Russia to tighten Arctic shipping requirements

The Russian government is working to nationalise oil and gas shipments along the Northern Sea Route. The country has already banned Russian Arctic shipping under a foreign flag since 1 February 2018. Now the Ministry of Industry and Trade elaborated a new bill specifying that ships carrying fossils through the route had to be built in Russia.

The Kremlin is consistent in its policy of backing users and suppliers of domestic products: only ships built in Russia will be allowed to carry oil, natural gas and coal along the Northern Sea Route, according to The Independent Barents Observer. The bill aimed at protecting the national shipbuilding industry has been recently elaborated by the Ministry of Industry and Trade. It follows a law banning the Russian Arctic shipping under a foreign flag. The latter was adopted at the end of 2017 and came into force on 1 February 2018, while the new bill will ultimately come into force in early 2019.

Although the new restriction could potentially be very unfavourable for local companies engaged in Arctic fossil mining and shipping, ministry officials said there would be exceptions allowing usage of foreign-made vessels in some cases. ''The whole existing fleet sailing under the Russian flag, that is all vessels belonging to Russian shipowners […], can be used until the lifetime service period runs out'', the ministry explained. Besides, the law lets the federal government permit shipment by vessels built outside Russia.

Novatek is building its fleet of ice-breaking LNG carriers in South Korea. Photo:

Currently, the Russian Arctic shipment is undergoing rapid growth. Last year, almost 10 million tonnes of goods were shipped via the Northern Sea Route, which is by 35% more than in 2016. The Russian Ministry of Natural Resources expects that annual shipping volume could reach 67 million tonnes by 2025, with about a half consisting of liquefied natural gas (LNG). Novatek's Yamal LNG project is meant to deliver around 17 million tonnes of LNG per year. The same amount will be produced by the projected Arctic LNG 2 plant when it starts production (presumably, in 2023).

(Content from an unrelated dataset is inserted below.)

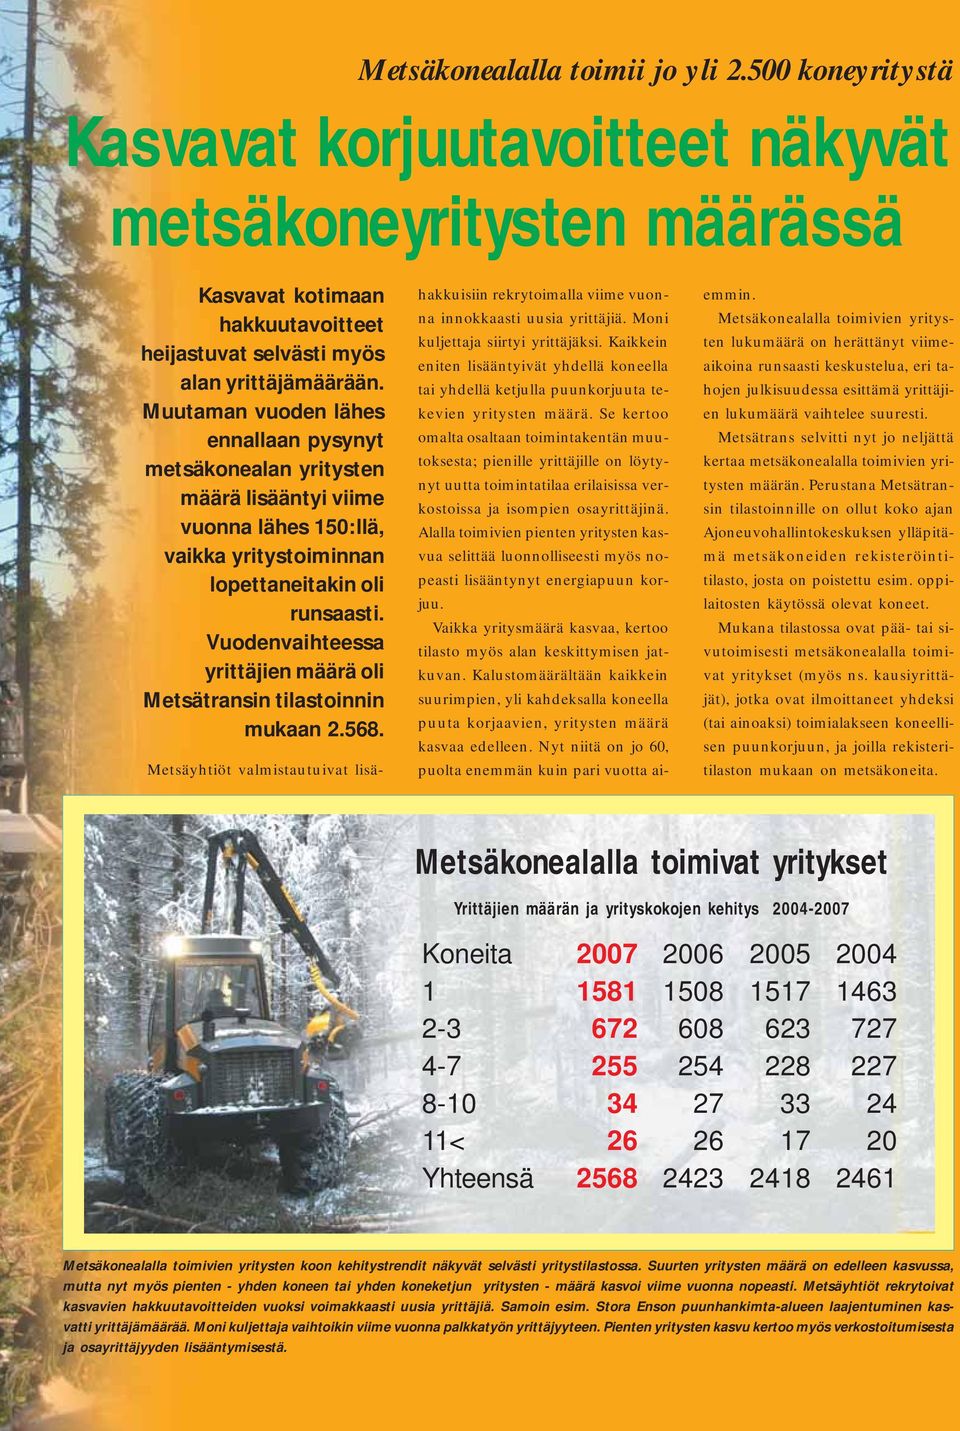 Vuodenvaihteessa yrittäjien määrä oli Metsätransin tilastoinnin mukaan.. Metsäyhtiöt valmistautuivat lisä hakkuisiin rekrytoimalla viime vuonna innokkaasti uusia yrittäjiä.

Meanwhile, Novatek will enjoy exceptions to the new bill. The producer is already allowed to use tankers sailing under foreign flags in the Yamal LNG project, and the lion's share of the vessels serving upcoming projects are likely to be built abroad, as the company is building its fleet of ice-breaking LNG carriers in South Korea. In addition, Novatek is in dialogue with Chinese COSCO shipping company over LNG shipment.